Bug 3271 - new MIME parser FPs much more often on Mailman admin messages
Summary: new MIME parser FPs much more often on Mailman admin messages
Status: RESOLVED DUPLICATE of bug 3069
Alias: None
Product: Spamassassin
Classification: Unclassified
Component: Libraries (show other bugs)
Version: SVN Trunk (Latest Devel Version)
Hardware: Other other
: P5 major
Target Milestone: 3.0.0
Assignee: SpamAssassin Developer Mailing List
URL:
Whiteboard:
Keywords:
Depends on:
Blocks:
 
Reported: 2004-04-14 11:25 UTC by Justin Mason
Modified: 2004-04-14 05:00 UTC (History)
0 users


Attachment Type Modified Status Actions Submitter/CLA Status
mailman admin notice FP text/plain None Justin Mason [HasCLA]
Add an attachment (proposed patch, testcase, etc.)

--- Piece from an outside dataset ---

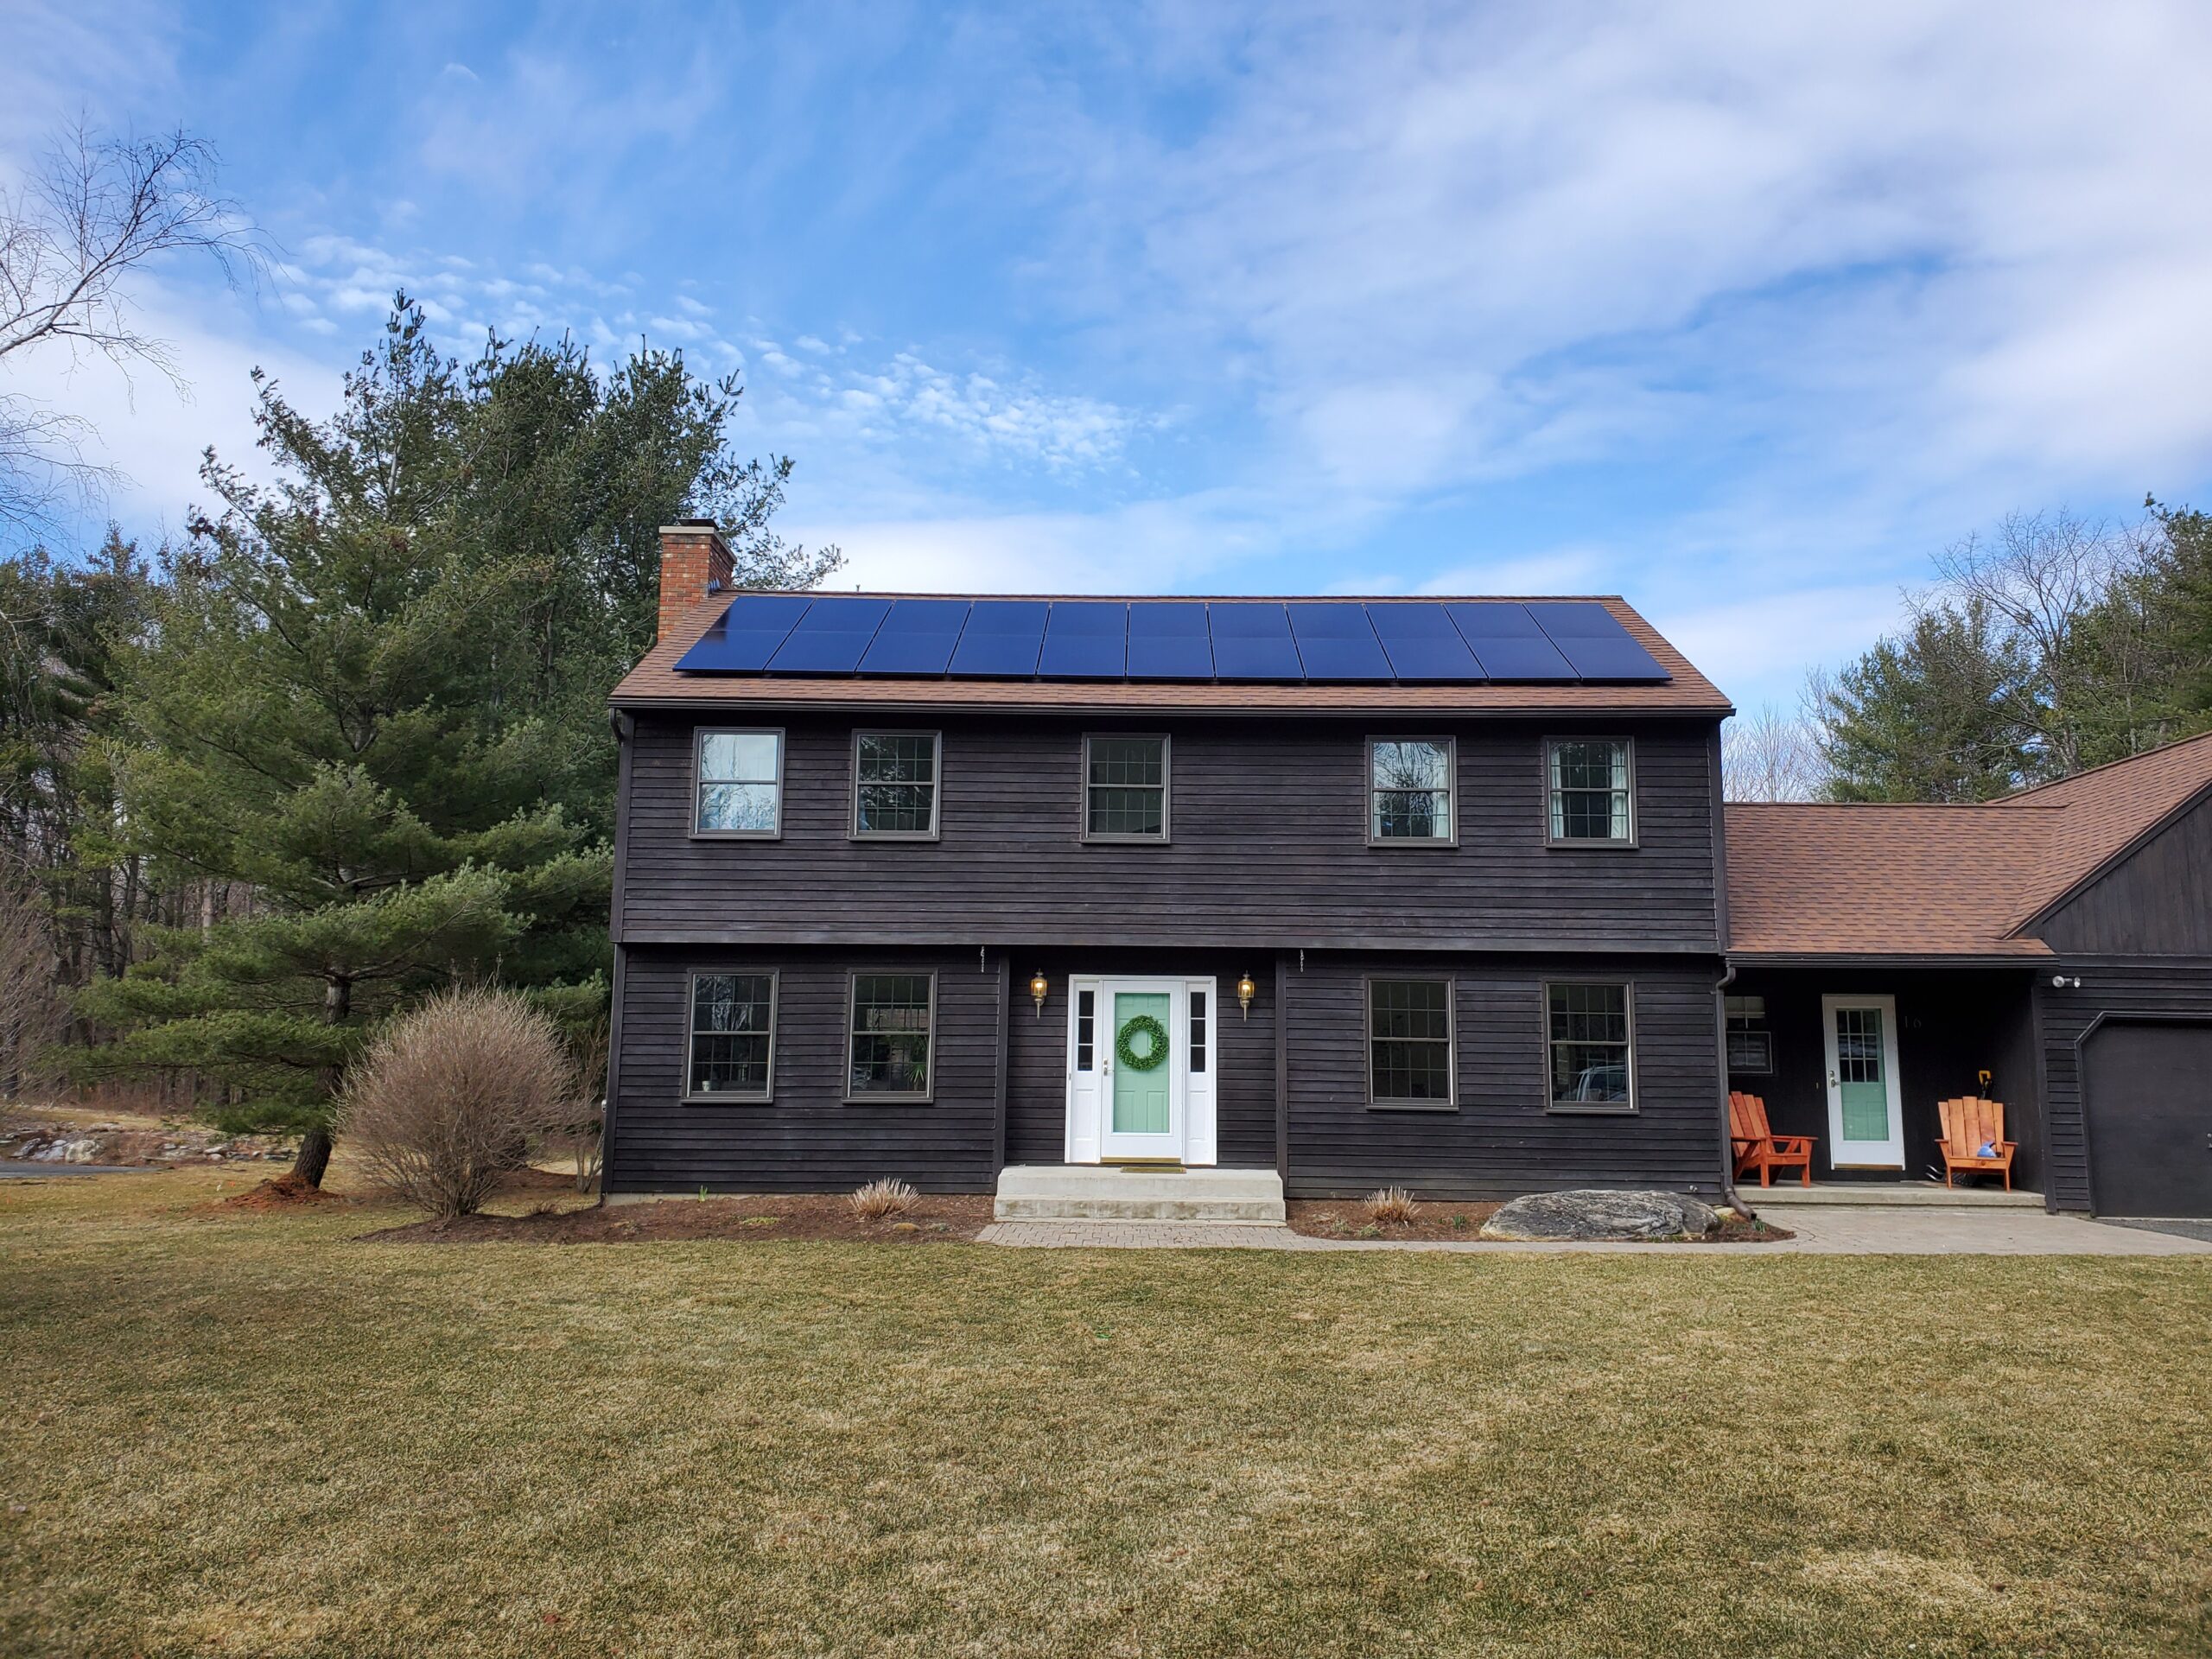 Maine solar incentives in the USA, Williamstown

Note You need to log in before you can comment on or make changes to this bug.
Description Justin Mason 2004-04-14 11:25:16 UTC 
Mailman 2.1.x has a (nifty) new feature.  When a list is set to require admin
approval for non-members to post, it'll send the moderation-required message in
this format:

From: list-owner@example.com
Subject: blah post from hywworqlgwq@summitoh.net requires approval
Content-type: multipart/mixed ...

The multipart/mixed parts are:

   [text/plain]: a brief "please authorize this posting" msg
   [message/rfc822]: the original message
   [message/rfc822]: an approval message suitable for use as response

This is great for list moderation to fend off spam.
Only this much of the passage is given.